• Task material:
----
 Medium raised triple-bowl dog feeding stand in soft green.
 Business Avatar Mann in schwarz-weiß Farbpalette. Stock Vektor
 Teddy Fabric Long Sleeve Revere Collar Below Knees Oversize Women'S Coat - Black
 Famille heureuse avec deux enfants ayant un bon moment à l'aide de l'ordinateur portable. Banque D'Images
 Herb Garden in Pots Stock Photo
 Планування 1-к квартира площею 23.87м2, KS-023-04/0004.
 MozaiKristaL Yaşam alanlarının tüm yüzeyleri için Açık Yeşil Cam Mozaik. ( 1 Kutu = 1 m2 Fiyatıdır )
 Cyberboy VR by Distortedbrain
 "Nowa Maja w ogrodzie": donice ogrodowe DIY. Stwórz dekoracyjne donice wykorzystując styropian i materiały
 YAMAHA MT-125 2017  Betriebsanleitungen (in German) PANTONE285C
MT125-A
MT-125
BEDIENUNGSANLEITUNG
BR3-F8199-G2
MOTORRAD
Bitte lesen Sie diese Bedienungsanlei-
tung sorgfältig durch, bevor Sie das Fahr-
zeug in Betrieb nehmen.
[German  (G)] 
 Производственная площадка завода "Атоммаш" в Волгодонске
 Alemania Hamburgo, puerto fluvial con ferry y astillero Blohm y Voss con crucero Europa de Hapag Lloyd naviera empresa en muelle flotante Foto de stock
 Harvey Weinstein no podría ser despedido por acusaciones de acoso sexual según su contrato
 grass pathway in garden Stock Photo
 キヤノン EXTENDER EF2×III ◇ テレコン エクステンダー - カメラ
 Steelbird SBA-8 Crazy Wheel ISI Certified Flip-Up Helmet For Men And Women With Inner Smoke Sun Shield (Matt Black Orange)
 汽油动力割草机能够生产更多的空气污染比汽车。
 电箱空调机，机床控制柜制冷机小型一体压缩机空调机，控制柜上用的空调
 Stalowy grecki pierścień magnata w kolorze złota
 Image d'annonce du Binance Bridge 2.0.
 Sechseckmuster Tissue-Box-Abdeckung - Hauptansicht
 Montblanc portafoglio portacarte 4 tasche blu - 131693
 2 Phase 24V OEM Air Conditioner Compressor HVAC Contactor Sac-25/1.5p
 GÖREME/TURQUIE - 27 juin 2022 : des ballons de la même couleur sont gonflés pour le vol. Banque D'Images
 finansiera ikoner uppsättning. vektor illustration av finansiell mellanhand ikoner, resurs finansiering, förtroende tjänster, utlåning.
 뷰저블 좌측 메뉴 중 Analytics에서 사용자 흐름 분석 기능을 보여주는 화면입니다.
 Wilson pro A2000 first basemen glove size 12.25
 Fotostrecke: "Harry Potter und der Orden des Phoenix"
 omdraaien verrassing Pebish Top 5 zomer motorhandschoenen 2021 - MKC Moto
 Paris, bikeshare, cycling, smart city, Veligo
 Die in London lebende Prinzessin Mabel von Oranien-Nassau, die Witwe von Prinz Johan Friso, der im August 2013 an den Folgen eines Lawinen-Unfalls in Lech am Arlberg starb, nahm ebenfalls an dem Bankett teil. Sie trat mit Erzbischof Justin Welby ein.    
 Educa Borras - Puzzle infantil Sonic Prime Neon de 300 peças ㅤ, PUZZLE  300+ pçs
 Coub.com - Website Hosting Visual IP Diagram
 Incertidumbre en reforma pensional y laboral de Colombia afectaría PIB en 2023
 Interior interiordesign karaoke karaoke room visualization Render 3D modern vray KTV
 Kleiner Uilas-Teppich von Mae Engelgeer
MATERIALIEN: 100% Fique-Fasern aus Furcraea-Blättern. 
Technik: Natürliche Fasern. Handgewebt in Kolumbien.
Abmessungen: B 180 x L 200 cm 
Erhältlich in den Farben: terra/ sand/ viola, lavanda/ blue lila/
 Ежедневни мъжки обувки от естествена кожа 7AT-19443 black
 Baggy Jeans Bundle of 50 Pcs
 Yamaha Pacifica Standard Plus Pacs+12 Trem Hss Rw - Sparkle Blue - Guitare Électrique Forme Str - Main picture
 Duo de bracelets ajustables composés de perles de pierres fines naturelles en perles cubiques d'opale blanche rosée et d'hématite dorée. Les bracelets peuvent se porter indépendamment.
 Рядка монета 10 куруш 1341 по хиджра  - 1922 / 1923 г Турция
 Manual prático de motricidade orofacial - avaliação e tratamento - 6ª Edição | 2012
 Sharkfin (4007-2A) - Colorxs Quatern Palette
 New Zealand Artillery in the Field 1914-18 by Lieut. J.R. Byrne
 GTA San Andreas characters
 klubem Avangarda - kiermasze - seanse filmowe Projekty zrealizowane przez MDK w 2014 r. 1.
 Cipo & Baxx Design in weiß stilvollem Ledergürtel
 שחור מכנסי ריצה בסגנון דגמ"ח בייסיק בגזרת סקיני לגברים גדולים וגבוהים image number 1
----
Extract, please, the lines from the start of the entries above through the one with "Famille heureuse avec", both included, reproducing each exactly and adding nothing.

• Completed exercise:
 Medium raised triple-bowl dog feeding stand in soft green.
 Business Avatar Mann in schwarz-weiß Farbpalette. Stock Vektor
 Teddy Fabric Long Sleeve Revere Collar Below Knees Oversize Women'S Coat - Black
 Famille heureuse avec deux enfants ayant un bon moment à l'aide de l'ordinateur portable. Banque D'Images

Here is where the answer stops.